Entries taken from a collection
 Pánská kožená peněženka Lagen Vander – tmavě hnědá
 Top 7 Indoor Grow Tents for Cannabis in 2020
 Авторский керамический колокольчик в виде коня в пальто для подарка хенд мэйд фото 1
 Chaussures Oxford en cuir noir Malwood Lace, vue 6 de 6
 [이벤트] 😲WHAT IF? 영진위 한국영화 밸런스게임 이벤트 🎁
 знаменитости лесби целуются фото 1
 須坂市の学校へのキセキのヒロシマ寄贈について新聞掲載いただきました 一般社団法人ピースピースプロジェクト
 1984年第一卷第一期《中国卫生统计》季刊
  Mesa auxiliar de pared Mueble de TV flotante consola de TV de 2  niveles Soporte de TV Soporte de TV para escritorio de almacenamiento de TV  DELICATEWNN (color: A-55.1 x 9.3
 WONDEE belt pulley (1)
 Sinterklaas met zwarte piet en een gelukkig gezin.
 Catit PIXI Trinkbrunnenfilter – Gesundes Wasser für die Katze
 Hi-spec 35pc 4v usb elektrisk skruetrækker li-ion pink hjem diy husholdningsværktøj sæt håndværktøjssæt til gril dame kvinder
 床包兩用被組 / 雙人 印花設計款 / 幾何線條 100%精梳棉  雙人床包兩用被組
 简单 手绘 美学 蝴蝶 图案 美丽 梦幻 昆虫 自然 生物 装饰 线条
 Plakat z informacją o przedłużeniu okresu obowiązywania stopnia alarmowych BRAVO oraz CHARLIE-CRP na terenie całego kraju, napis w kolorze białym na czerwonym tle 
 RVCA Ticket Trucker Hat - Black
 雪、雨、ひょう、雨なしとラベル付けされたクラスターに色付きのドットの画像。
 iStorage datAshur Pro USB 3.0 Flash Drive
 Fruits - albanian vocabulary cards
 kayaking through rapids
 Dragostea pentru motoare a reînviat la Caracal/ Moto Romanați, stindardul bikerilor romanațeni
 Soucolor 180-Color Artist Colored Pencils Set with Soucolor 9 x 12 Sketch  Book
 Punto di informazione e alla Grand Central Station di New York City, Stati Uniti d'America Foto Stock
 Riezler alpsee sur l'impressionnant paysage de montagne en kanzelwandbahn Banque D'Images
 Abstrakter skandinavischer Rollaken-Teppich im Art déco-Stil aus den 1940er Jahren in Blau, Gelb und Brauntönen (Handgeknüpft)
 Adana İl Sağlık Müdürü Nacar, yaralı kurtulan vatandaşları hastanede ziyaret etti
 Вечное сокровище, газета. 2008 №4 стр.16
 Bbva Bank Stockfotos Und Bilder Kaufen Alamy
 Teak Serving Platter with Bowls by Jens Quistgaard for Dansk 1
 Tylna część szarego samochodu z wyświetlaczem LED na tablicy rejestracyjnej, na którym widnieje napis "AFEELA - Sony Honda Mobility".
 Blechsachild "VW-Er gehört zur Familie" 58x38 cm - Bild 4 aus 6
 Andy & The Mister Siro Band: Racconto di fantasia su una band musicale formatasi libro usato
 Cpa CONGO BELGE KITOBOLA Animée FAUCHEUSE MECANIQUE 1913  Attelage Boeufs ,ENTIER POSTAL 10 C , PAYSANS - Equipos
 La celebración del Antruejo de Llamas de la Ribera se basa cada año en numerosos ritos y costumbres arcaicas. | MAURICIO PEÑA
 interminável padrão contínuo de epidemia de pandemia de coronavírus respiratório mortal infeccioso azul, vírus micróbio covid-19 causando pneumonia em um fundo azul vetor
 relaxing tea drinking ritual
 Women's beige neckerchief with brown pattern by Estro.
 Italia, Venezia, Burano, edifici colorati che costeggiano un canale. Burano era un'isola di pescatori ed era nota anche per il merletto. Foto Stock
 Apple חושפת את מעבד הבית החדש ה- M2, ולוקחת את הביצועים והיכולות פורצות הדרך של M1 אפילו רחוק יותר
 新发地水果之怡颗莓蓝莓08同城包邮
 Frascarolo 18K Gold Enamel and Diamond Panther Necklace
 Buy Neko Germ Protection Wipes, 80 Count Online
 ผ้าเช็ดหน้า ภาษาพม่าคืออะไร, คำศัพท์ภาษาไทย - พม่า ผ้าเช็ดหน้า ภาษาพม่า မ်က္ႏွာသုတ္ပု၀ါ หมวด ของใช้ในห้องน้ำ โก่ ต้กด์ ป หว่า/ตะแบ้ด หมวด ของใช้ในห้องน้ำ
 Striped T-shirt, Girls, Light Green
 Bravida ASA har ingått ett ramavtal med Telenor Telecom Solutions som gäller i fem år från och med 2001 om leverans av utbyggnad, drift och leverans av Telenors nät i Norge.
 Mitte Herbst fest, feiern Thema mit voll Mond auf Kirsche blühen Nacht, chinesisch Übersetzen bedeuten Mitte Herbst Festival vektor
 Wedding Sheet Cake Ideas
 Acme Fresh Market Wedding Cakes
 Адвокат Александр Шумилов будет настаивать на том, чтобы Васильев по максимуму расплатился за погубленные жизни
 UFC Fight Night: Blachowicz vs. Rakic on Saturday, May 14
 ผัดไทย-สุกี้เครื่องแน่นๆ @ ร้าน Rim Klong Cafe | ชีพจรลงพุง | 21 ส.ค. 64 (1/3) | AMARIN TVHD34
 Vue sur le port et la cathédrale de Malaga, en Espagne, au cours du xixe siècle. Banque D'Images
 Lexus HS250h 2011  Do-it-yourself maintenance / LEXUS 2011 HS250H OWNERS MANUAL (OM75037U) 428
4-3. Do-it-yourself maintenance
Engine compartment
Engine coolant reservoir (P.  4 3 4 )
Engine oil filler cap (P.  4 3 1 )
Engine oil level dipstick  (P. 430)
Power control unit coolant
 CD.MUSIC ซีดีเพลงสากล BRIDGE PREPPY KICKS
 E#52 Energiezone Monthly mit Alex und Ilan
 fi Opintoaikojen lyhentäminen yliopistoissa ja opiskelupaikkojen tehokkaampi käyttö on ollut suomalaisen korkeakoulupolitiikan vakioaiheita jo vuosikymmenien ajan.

» Exercise
All lines above from the one holding "ผ้าเช็ดหน้า ภาษาพม่าคืออะไร, คำศัพท์ภาษาไทย" to the one holding "Engine coolant reservoir", inclusive, are to be copied exactly; no other line is wanted.

» Problem solution
 ผ้าเช็ดหน้า ภาษาพม่าคืออะไร, คำศัพท์ภาษาไทย - พม่า ผ้าเช็ดหน้า ภาษาพม่า မ်က္ႏွာသုတ္ပု၀ါ หมวด ของใช้ในห้องน้ำ โก่ ต้กด์ ป หว่า/ตะแบ้ด หมวด ของใช้ในห้องน้ำ
 Striped T-shirt, Girls, Light Green
 Bravida ASA har ingått ett ramavtal med Telenor Telecom Solutions som gäller i fem år från och med 2001 om leverans av utbyggnad, drift och leverans av Telenors nät i Norge.
 Mitte Herbst fest, feiern Thema mit voll Mond auf Kirsche blühen Nacht, chinesisch Übersetzen bedeuten Mitte Herbst Festival vektor
 Wedding Sheet Cake Ideas
 Acme Fresh Market Wedding Cakes
 Адвокат Александр Шумилов будет настаивать на том, чтобы Васильев по максимуму расплатился за погубленные жизни
 UFC Fight Night: Blachowicz vs. Rakic on Saturday, May 14
 ผัดไทย-สุกี้เครื่องแน่นๆ @ ร้าน Rim Klong Cafe | ชีพจรลงพุง | 21 ส.ค. 64 (1/3) | AMARIN TVHD34
 Vue sur le port et la cathédrale de Malaga, en Espagne, au cours du xixe siècle. Banque D'Images
 Lexus HS250h 2011  Do-it-yourself maintenance / LEXUS 2011 HS250H OWNERS MANUAL (OM75037U) 428
4-3. Do-it-yourself maintenance
Engine compartment
Engine coolant reservoir (P.  4 3 4 )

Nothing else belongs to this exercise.